There are three very general, useful constructs that simplify a lot of iterative code into more readable code, as shown earlier. There might be a bit of a learning curve getting used to these abstractions, as opposed to traditional imperative programming, but after that’s over, there will be several ideal outcomes.

First, your code will look a lot more like what your design initially intended, rather than being obfuscated by the noise/boilerplate that loop constructs inevitably create.

Second, while loops can be very useful, every one looks different, even if two of them are doing very similar things. This leads to wasted time for the person trying to debug your code, and using a very common one liner like map, filter, or fold/reduce (assuming the function is nearby), will make your code that much clearer.

Lastly, you might have noticed that using these constructs tended to make our code more modular, by separating the function that did that one specific thing from the function that passed over some data structure. This is a good thing, because it makes your code a lot easier to write, read, debug, understand, and anything else you want to do with it.

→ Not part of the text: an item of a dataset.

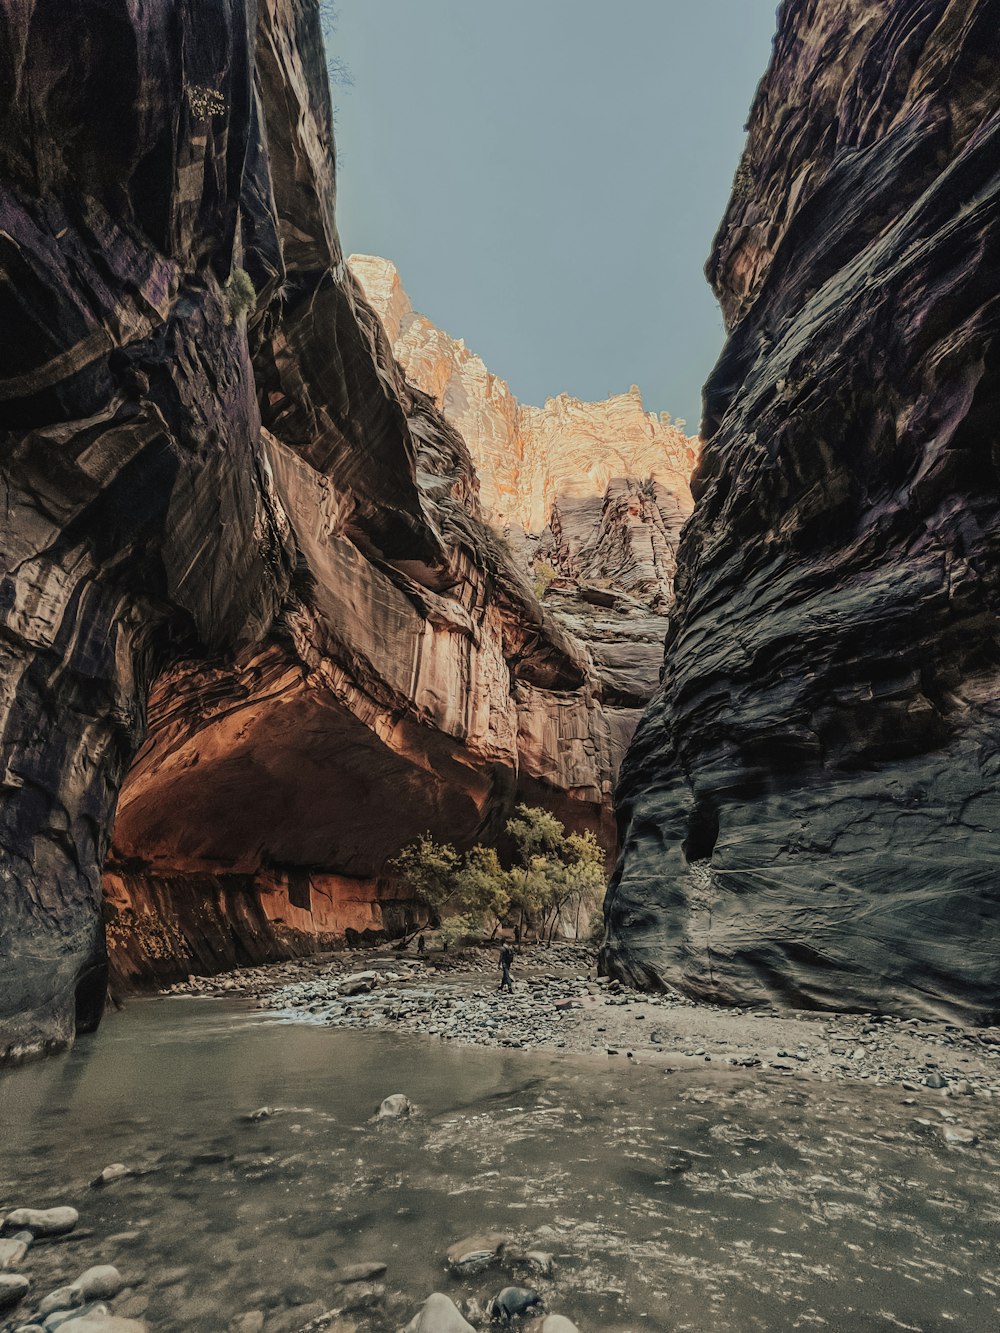 Un homme debout au milieu d’un canyon étroit

While I did all of my examples for these constructs in Haskell, these ideas can be found in other, more mainstream languages like Python, Scala, and more, so if you ever have a language that supports these features, use them and reap the benefits. It’ll save some headaches from everyone, and help you think about your code in a different way, which is always a good thing.

In short, whenever you see these common patterns, use the best tools available to deal with them.